▶ [Given material]:

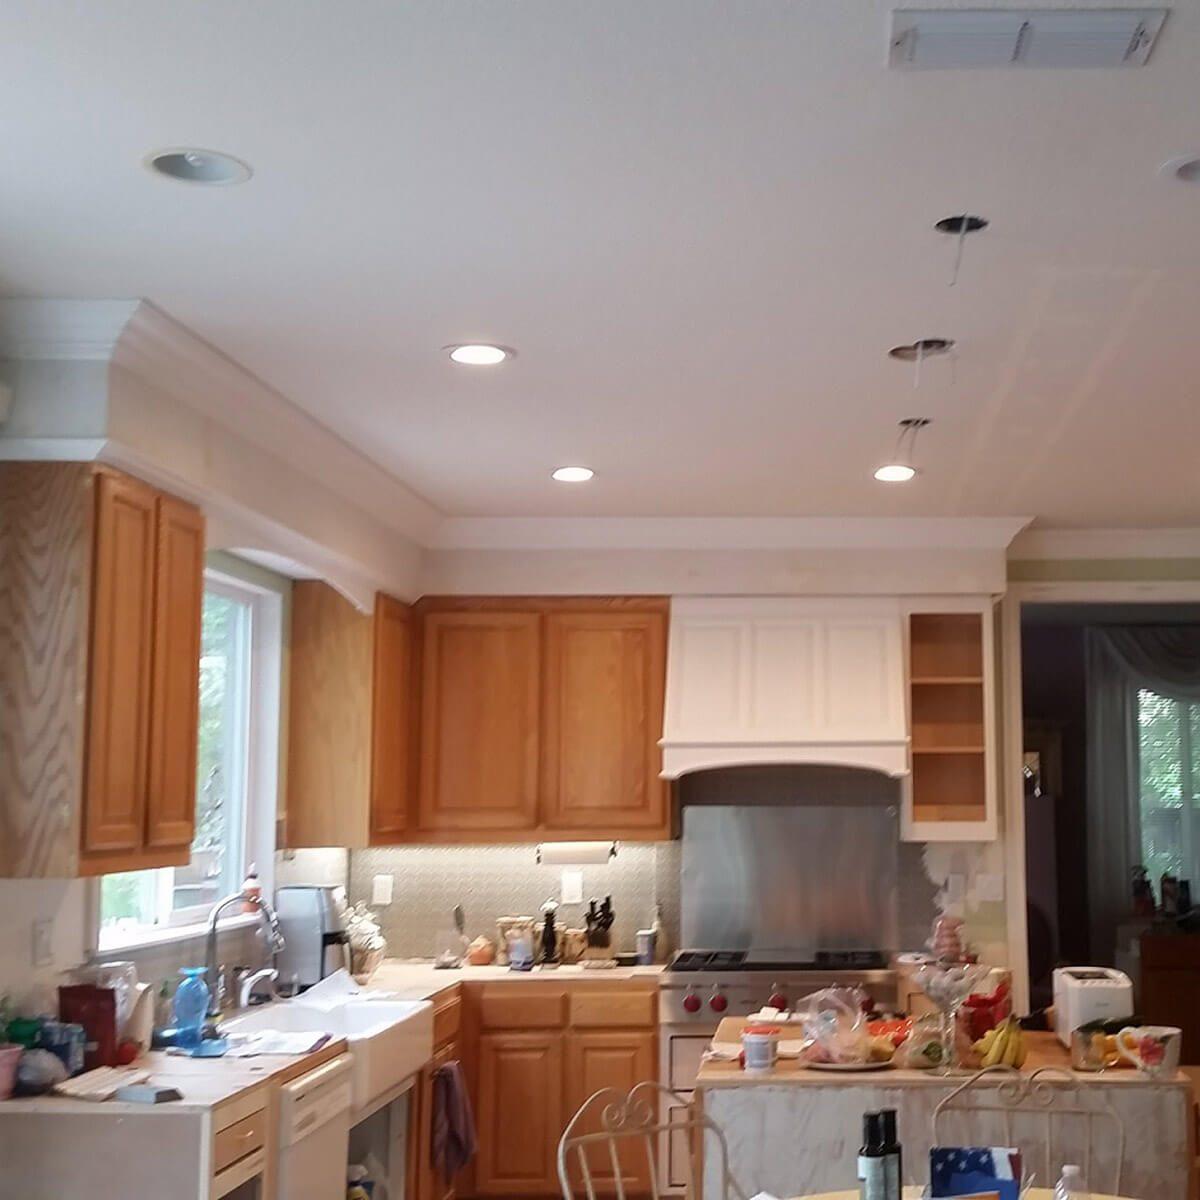 kitchen remodel -soffits
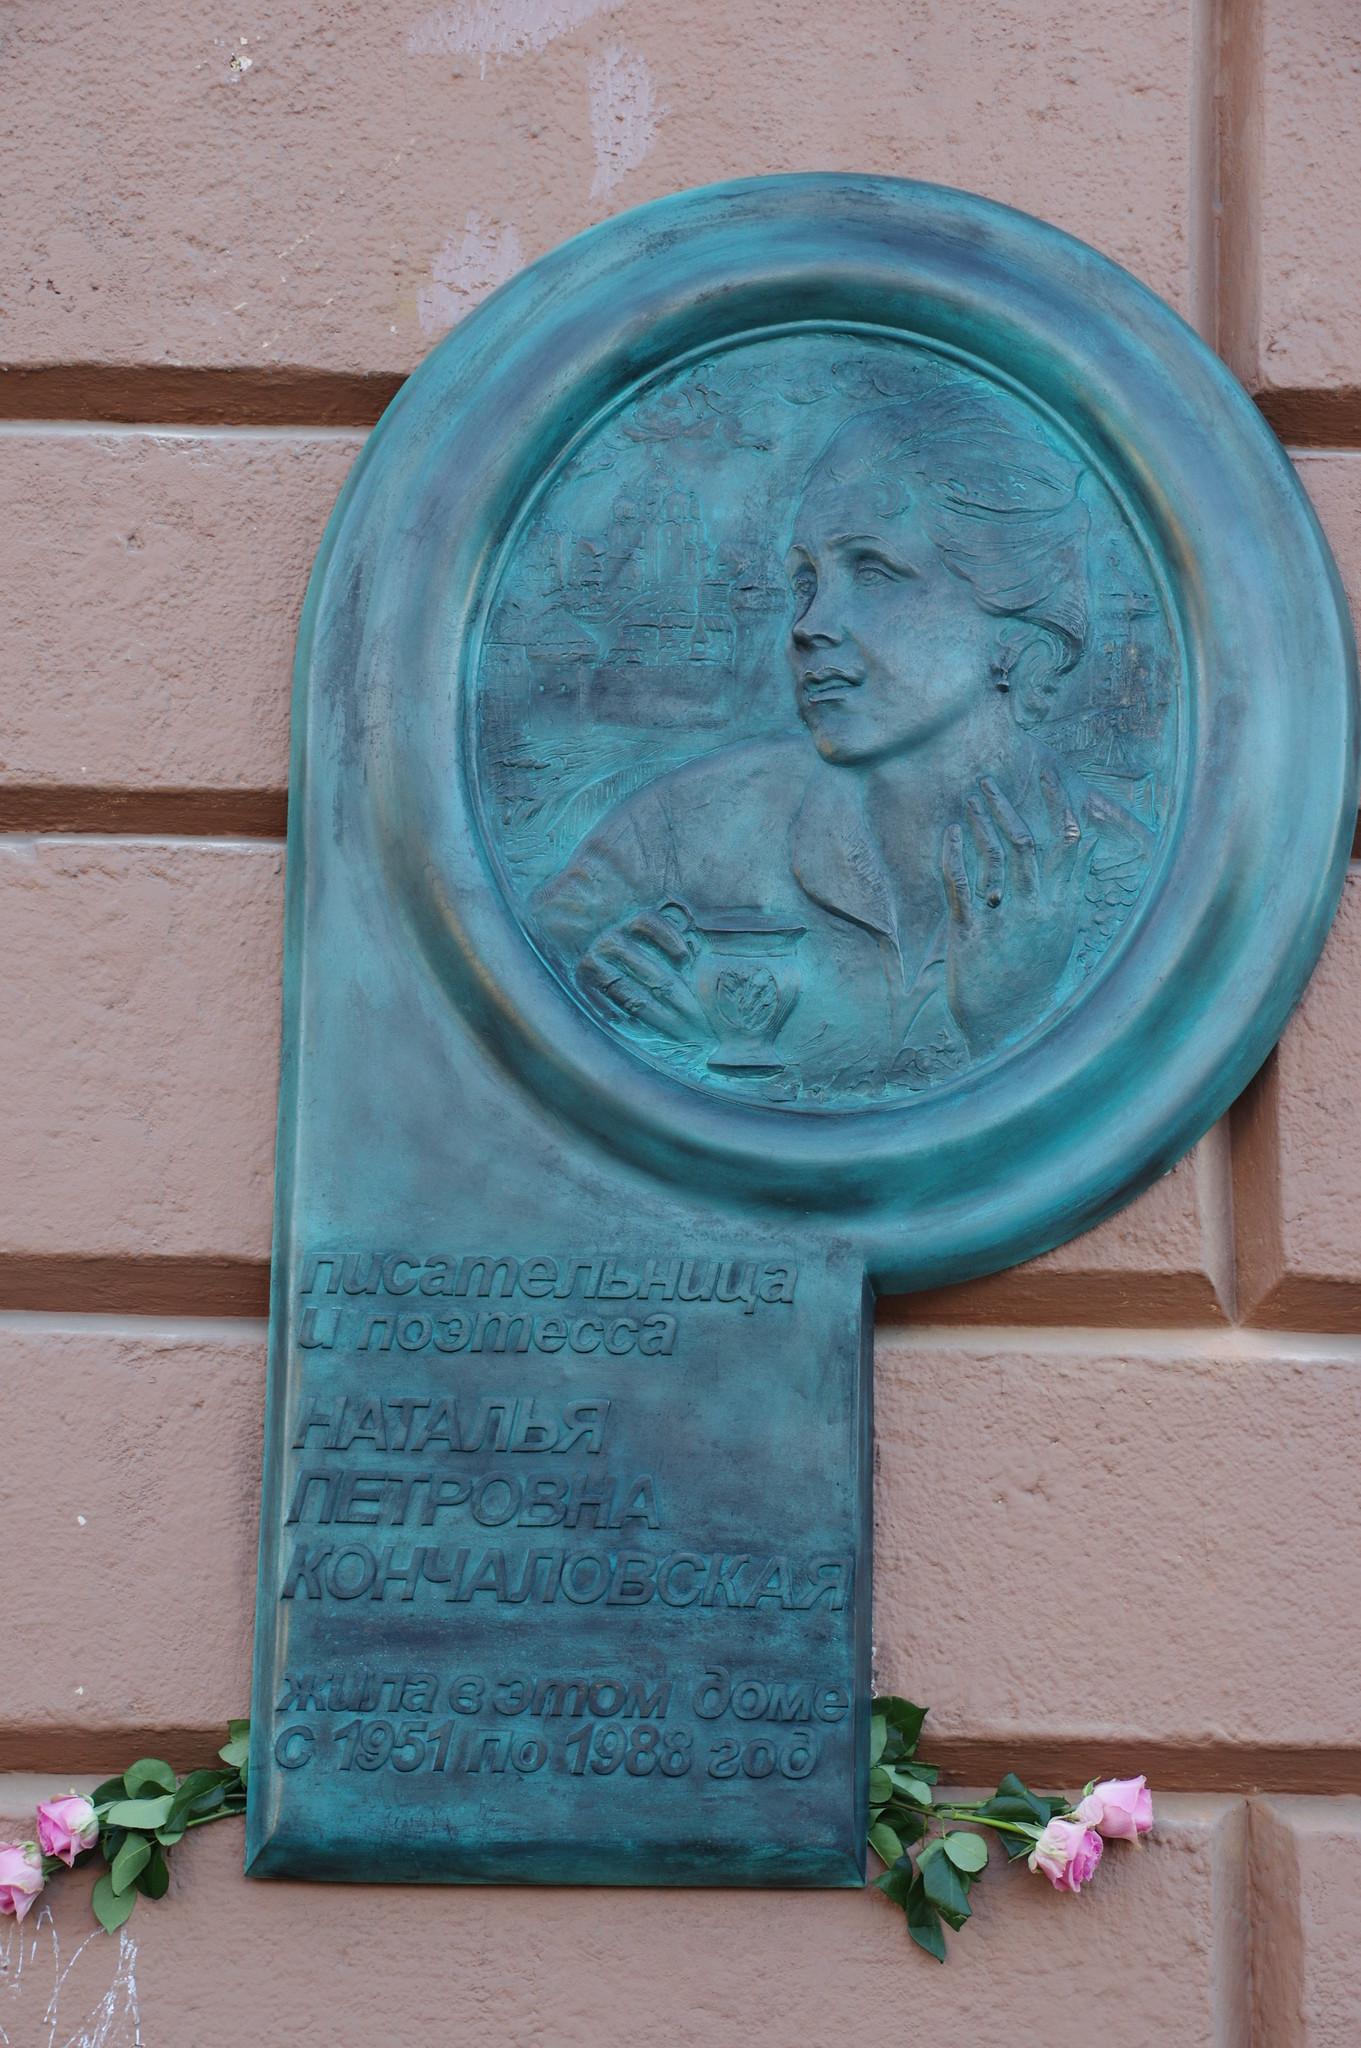 Мемориальная доска на фасаде дома № 35 по улице Поварская, где с 1951 года по 1988 год жила Наталья Петровна Кончаловская
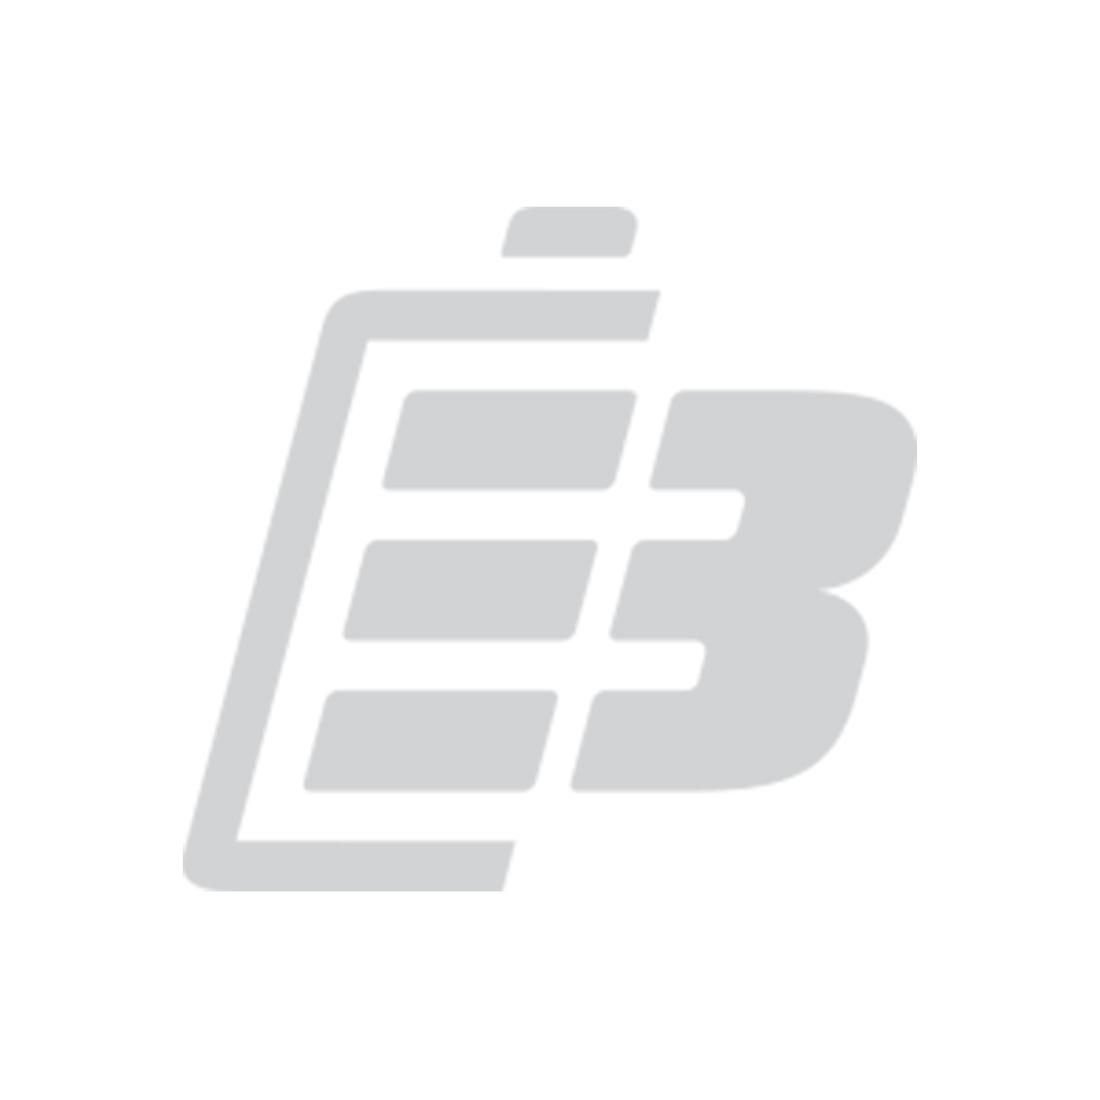 Μπαταρία ηλεκτρικού κολάρου σκύλου Dogtra Transmitter 1900NCP_1
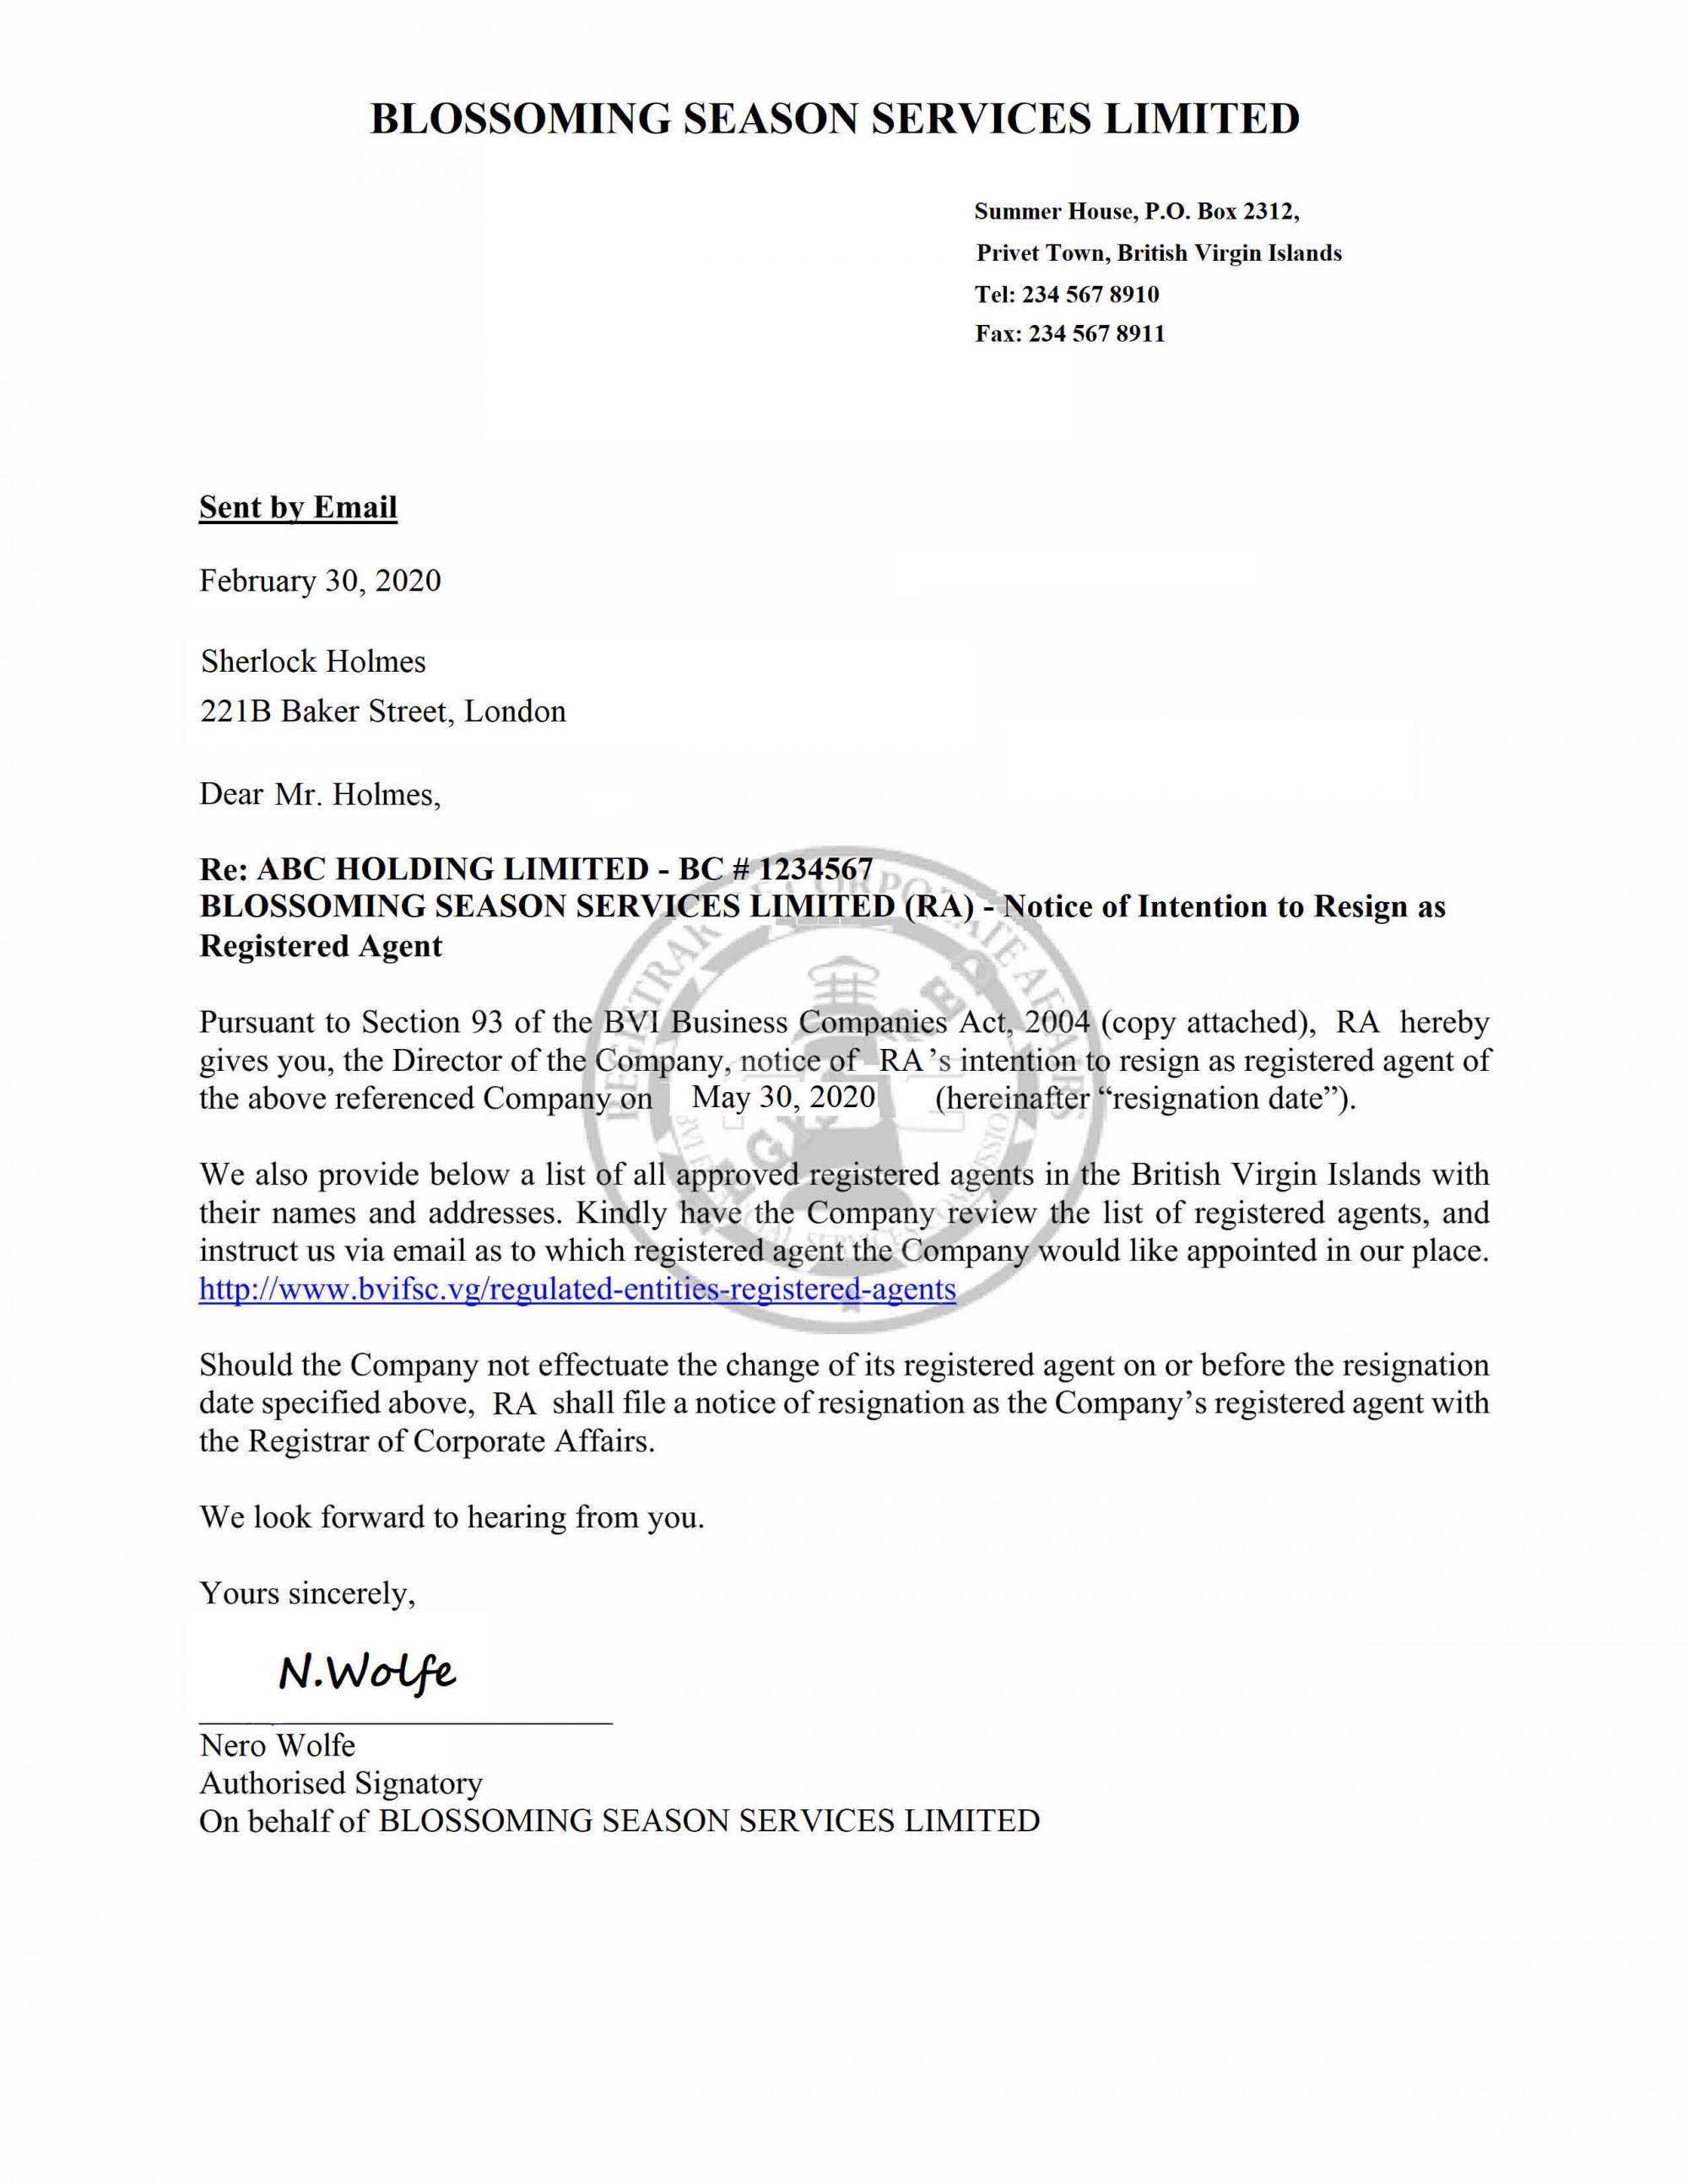 Образец письма об отставке агента

▶ [What the task asks]: Print the listing again exactly, please. Keep the pictures out of it.

▶ [Answer section]:
 kitchen remodel -soffits
 Мемориальная доска на фасаде дома № 35 по улице Поварская, где с 1951 года по 1988 год жила Наталья Петровна Кончаловская
 Μπαταρία ηλεκτρικού κολάρου σκύλου Dogtra Transmitter 1900NCP_1
 Образец письма об отставке агента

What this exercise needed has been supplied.